Open John-Paterson opened 5 years ago
Hey John, I'm certainly no expert, but to tackle the first desired merge have you tried a simple merge to create a new df like this:
new_df <- merge(percentilesdf, climate.data1,by="year")
resulting in a merged dataframe which you can then drop any columns you don't need. That should pull in all the columns from climate.data1 (including cum.degrees
) into the new df.
For the second bit, I'm not sure what you mean by wanting to match '5' and 'JDay'. With the above merge, both of those columns should be in the new df anyway (I think!?)

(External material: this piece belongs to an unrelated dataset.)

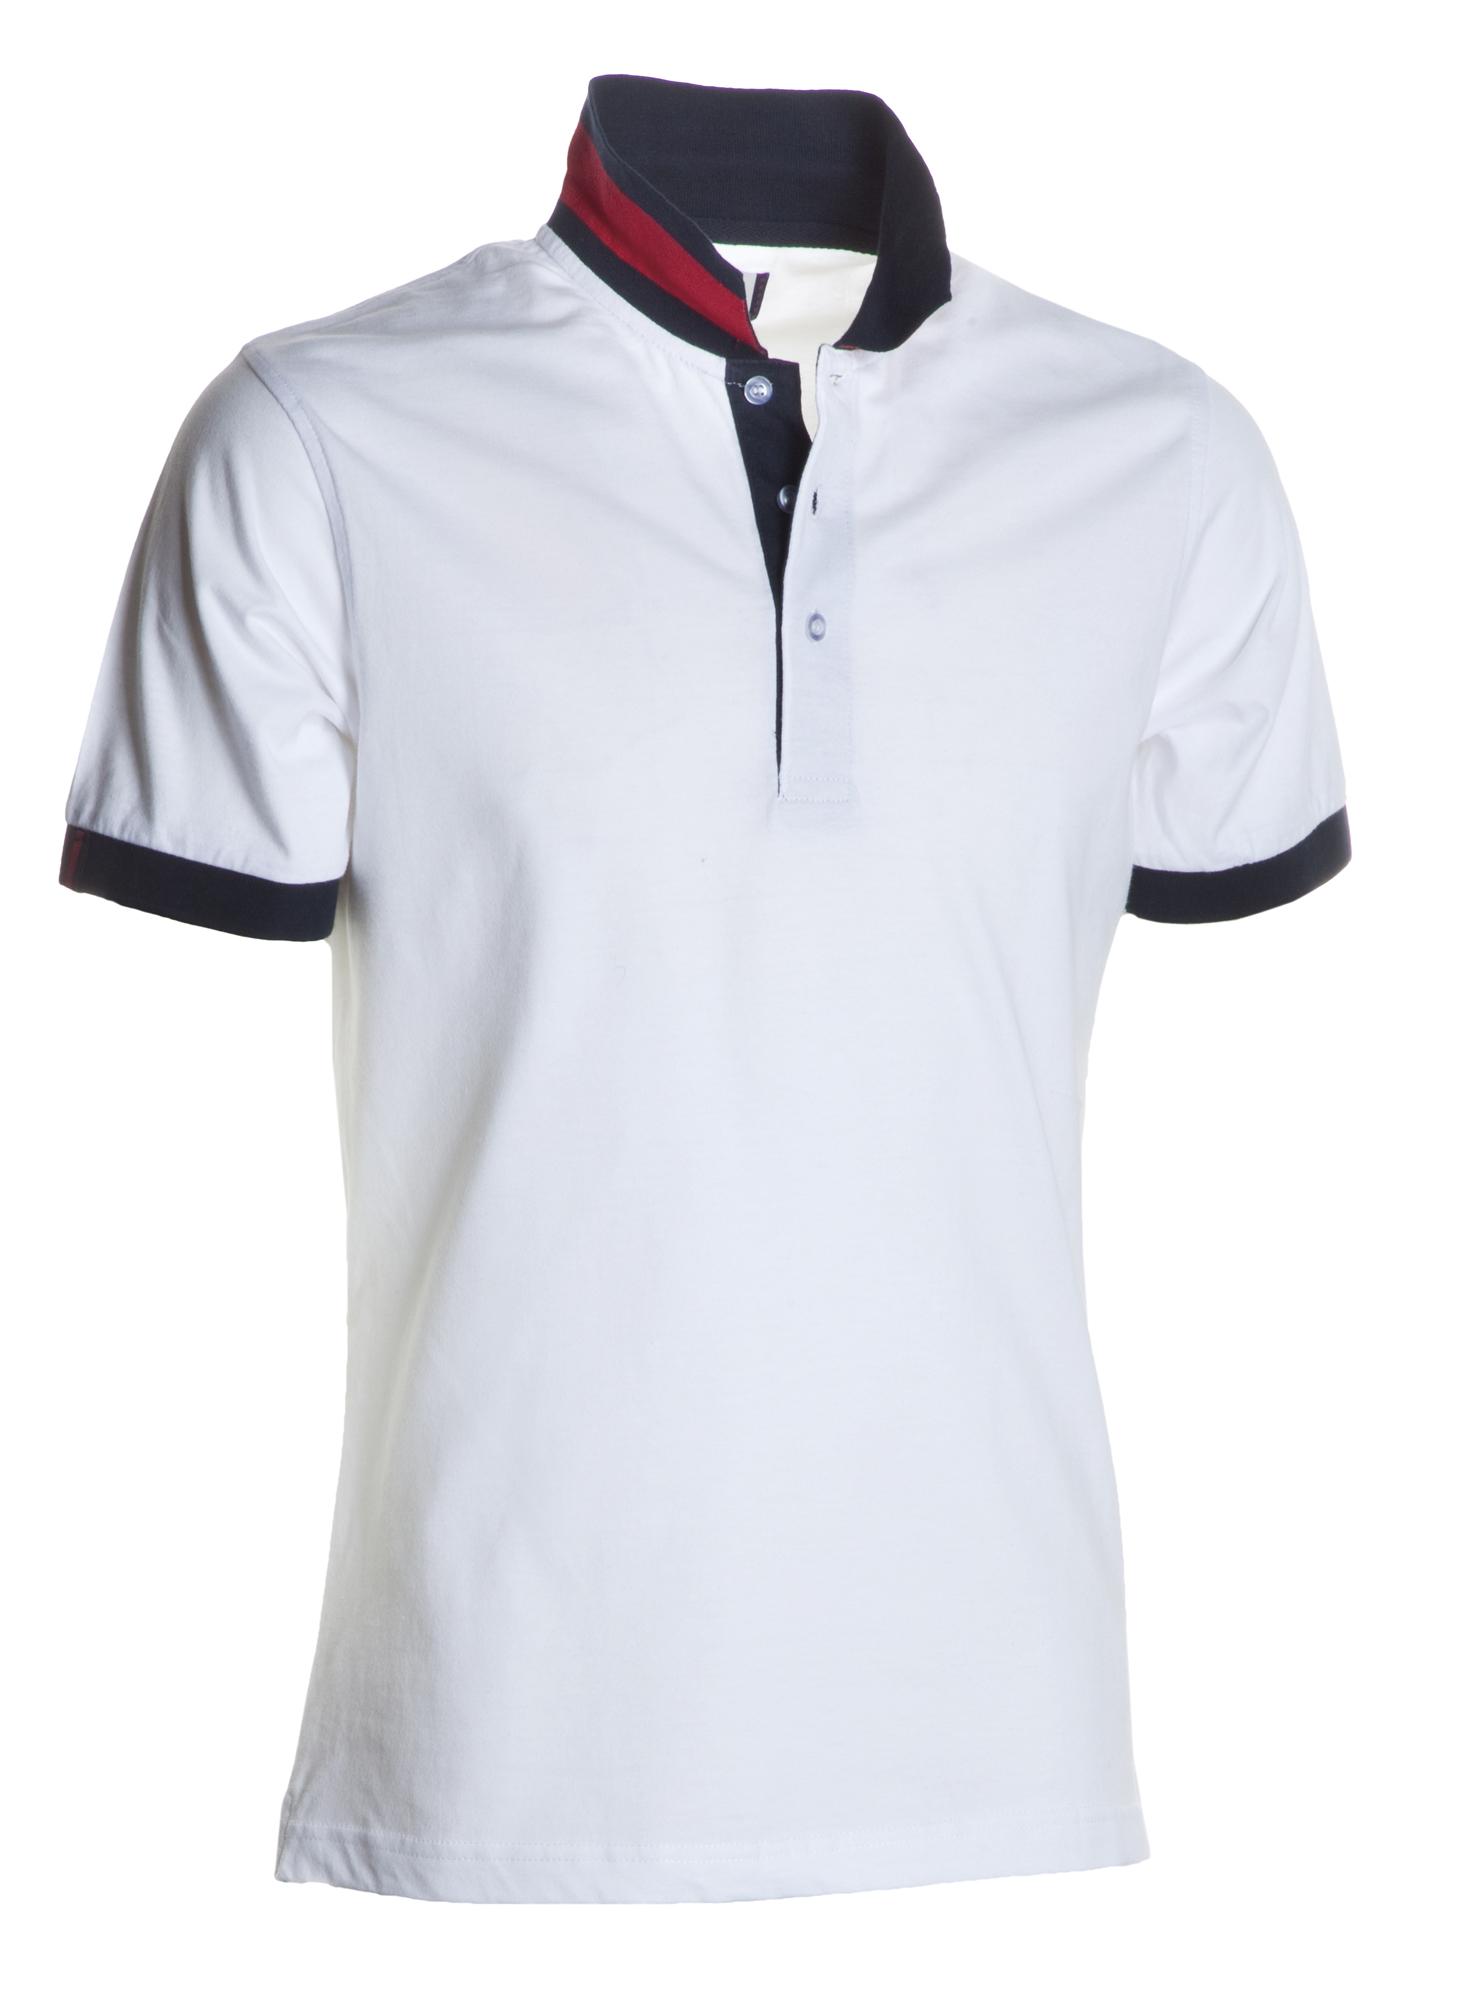 Polo homme manches courtes 100% coton, couleurs assorties, Bianco

Have you looked into left_join() from dplyer? There's a bunch of handy _join() functions in dplyer, and the help page is actually quite helpful!
Matt
Thanks Matt,
My issue is primarily that I'm not looking to just join the dataframes together (they're different lengths anyway), I'm wanting to pull a column value from the second one based on whether values from two other columns match those in the original dataframe. Basically analogous to a Vlookup in Excel, if that means anything to anyone!

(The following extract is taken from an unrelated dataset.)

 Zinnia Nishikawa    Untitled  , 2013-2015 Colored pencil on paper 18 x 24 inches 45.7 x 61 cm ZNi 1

When I said I wanted to match '5' and 'JDay' I meant that I only wanted to merge the 'cum.degrees' column from the second dataframe if both the 'Years' columns matched across the dataframes AND the value in the '5' and 'JDay' columns match. It would look something like this:
>DF1
Species Year 5 50 95 ModelYear
1 Baccha elongata. 1981 117 191 305 1
2 Baccha elongata. 1995 101 151 173 1
3 Cheilosia pagana. 1995 117 199 235 1
4 Cheilosia pagana. 1995 101 199 235 1
>DF2
date Day Month Year JDay cum.degrees
1 18/04/1981 18 4 1981 95 59.48
2 12/05/1981 12 5 1981 117 104.71
3 12/05/1995 12 5 1995 117 86.1
4 18/04/1995 18 4 1995 95 43.23
5 19/04/1995 19 4 1995 96 46.00
6 26/04/1995 26 4 1995 101 54.44
>MergedDFs
Species Year 5 50 95 ModelYear cum.degrees
1 Baccha elongata. 1981 117 191 305 1 104.71
2 Baccha elongata. 1995 101 151 173 1 54.44
3 Cheilosia pagana. 1995 117 199 235 1 86.1
4 Cheilosia pagana. 1995 101 199 235 1 54.44
Don't know if that makes it clearer? I have had a look through the dplyr page but will check it out again!
Cheers,
John
So I've managed to circumvent this problem by creating a column in each dataframe containing a unique reference combining both Year and '5' (in the first dataframe) and 'JDay' (in the second dataframe). I've then merged them based on that.

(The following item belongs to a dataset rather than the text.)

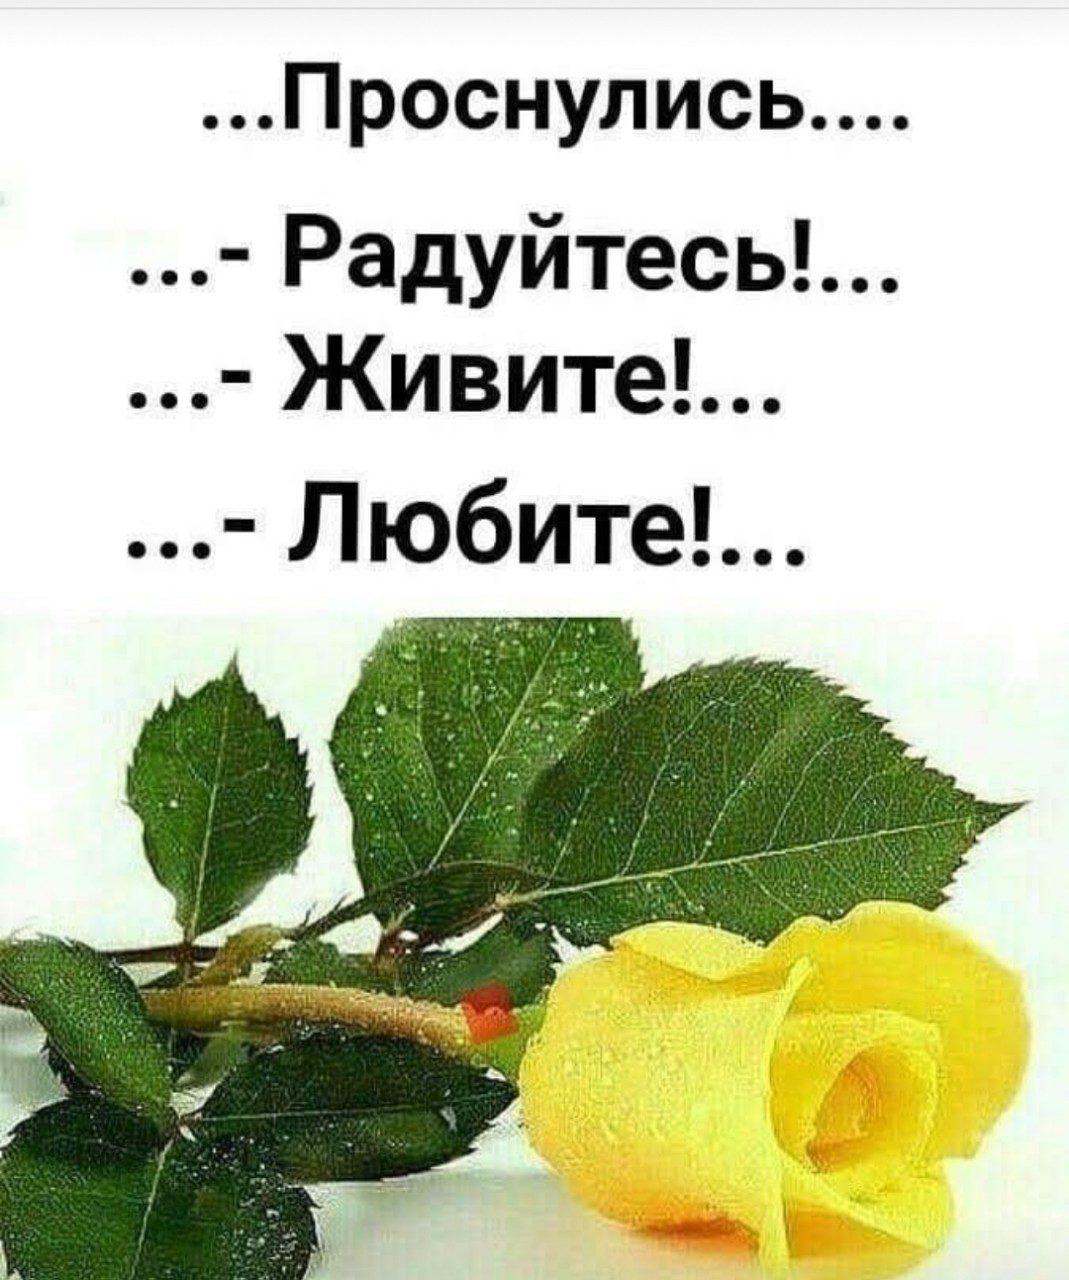 Odnoklassniki Dobroe Utro Utrennie Citaty Motivacionnye Kartinki

Still don't really know why the original code didn't work though so if anyone's got any answers it'd be good to know for future reference.
I think left_join would do it - not sure if this code would exactly work - but something along these lines probably would. I think in recent updates dplyr have added even more join options - could be a one stop shop for all your joining needs :)
left_join(df1, df2, by = Year, c("JDay" = "5"))
Thanks Anna, just had to change the code a wee bit to:
left_join(df1, df2, by = c("Year", "JDay" = "5"))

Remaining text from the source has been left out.